I think what you're looking for is the ConstrainDevices parameter in cgroup.conf.
See here:
Best,
Hi Roberto,
thanks for pointing to this parameter. I set it, update all the nodes, restart slurmd everywhere but it does not change the behavior. However, when looking in the slurmd log on the GPU node I notice this information:
[2024-11-13T16:41:08.434] debug: CPUs:32 Boards:1 Sockets:8 CoresPerSocket:4 ThreadsPerCore:1 *[2024-11-13T16:41:08.434] debug: gres/gpu: init: loaded* *[2024-11-13T16:41:08.434] WARNING: A line in gres.conf for GRES gpu:A100-40 has 1 more configured than expected in slurm.conf. Ignoring extra GRES.* *[2024-11-13T16:41:08.434] WARNING: A line in gres.conf for GRES gpu:A100-80 has 1 more configured than expected in slurm.conf.

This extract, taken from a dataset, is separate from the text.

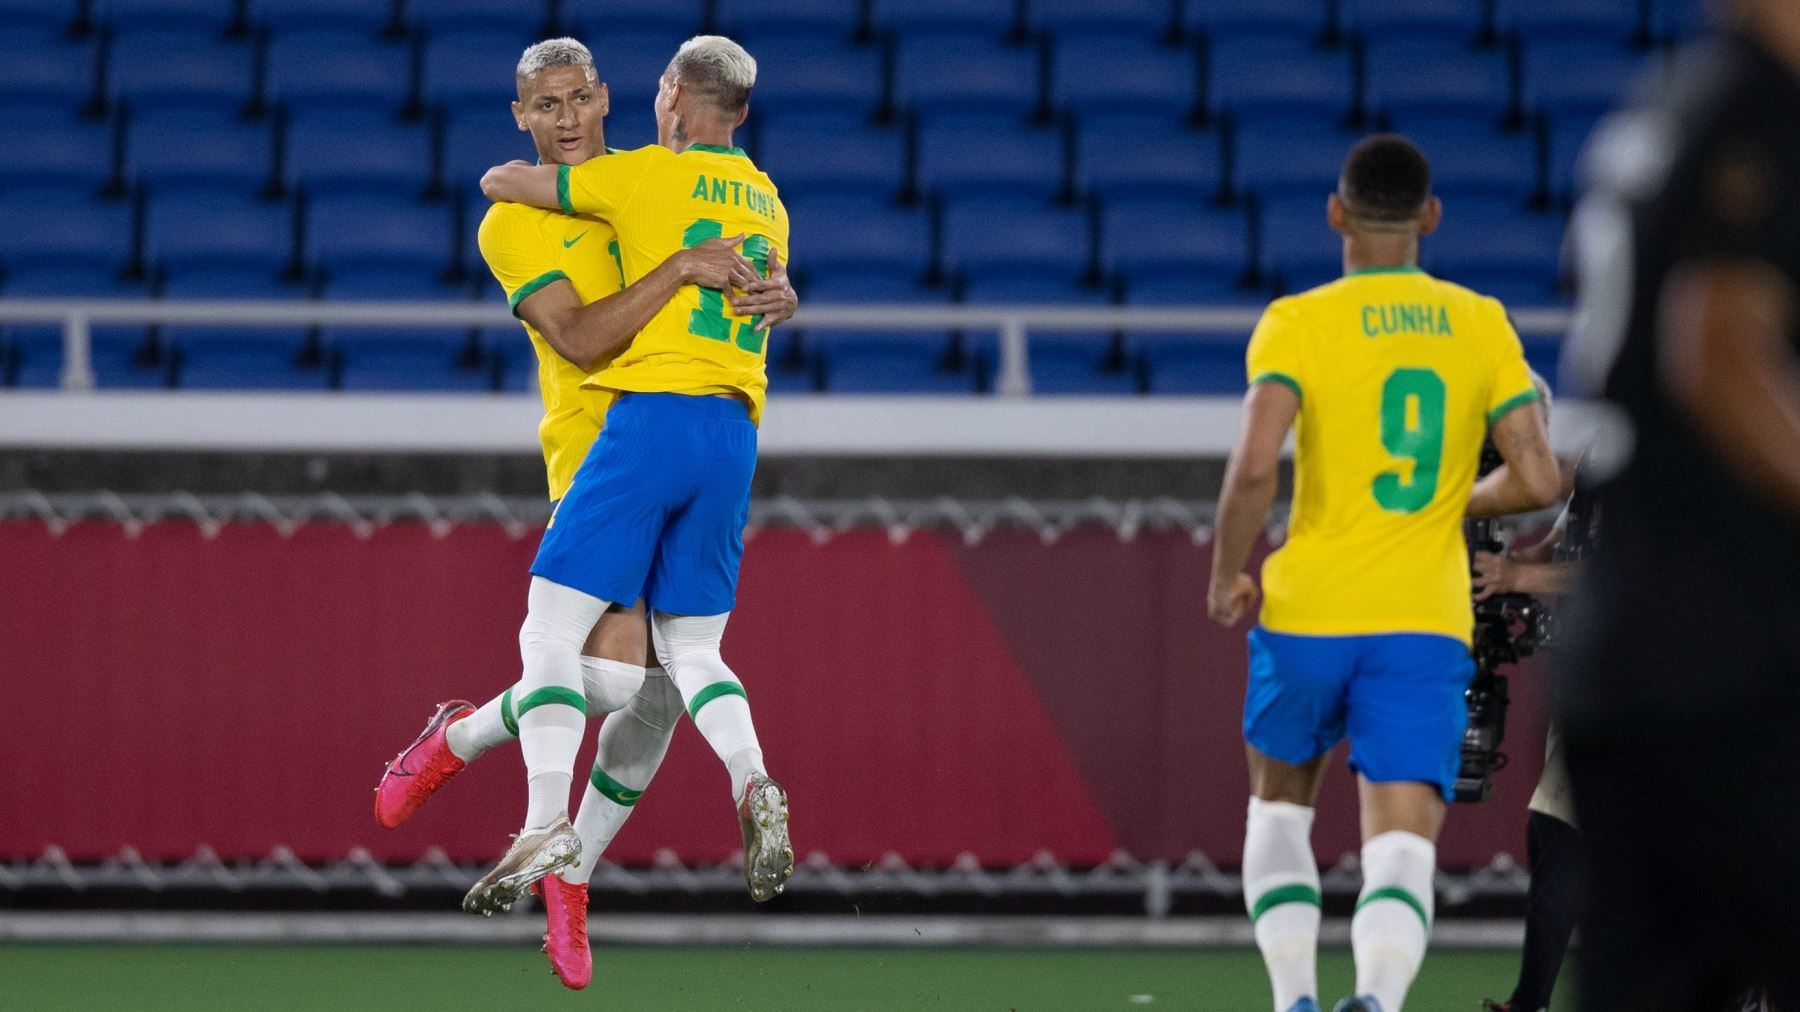 Tokio 2020: Con un brillantes Richarlison, Brasil derrota 4-2 a  Alemania

Ignoring extra GRES.* [2024-11-13T16:41:08.434] debug: gpu/generic: init: init: GPU Generic plugin loaded [2024-11-13T16:41:08.434] topology/none: init: topology NONE plugin loaded [2024-11-13T16:41:08.434] route/default: init: route default plugin loaded [2024-11-13T16:41:08.434] CPU frequency setting not configured for this node [2024-11-13T16:41:08.434] debug: Resource spec: No specialized cores configured by default on this node [2024-11-13T16:41:08.434] debug: Resource spec: Reserved system memory limit not configured for this node [2024-11-13T16:41:08.434] debug: Reading cgroup.conf file /etc/slurm/cgroup.conf [2024-11-13T16:41:08.434] error: MaxSwapPercent value (0.0%) is not a valid number [2024-11-13T16:41:08.436] debug: task/cgroup: init: core enforcement enabled [2024-11-13T16:41:08.437] debug: task/cgroup: task_cgroup_memory_init: task/cgroup/memory: total:257281M allowed:100%(enforced), swap:0%(enforced), max:100%(257281M) max+swap:100%(514562M) min:30M kmem:100%(257281M permissive) min:30M swappiness:0(unset) [2024-11-13T16:41:08.437] debug: task/cgroup: init: memory enforcement enabled *[2024-11-13T16:41:08.438] debug: task/cgroup: task_cgroup_devices_init: unable to open /etc/slurm/cgroup_allowed_devices_file.conf: No such file or directory* [2024-11-13T16:41:08.438] debug: task/cgroup: init: device enforcement enabled [2024-11-13T16:41:08.438] debug: task/cgroup: init: task/cgroup: loaded [2024-11-13T16:41:08.438] debug: auth/munge: init: Munge authentication plugin loaded
So something is wrong in may gres.conf file I think as I ttry do configure 2 different devices on the node may be?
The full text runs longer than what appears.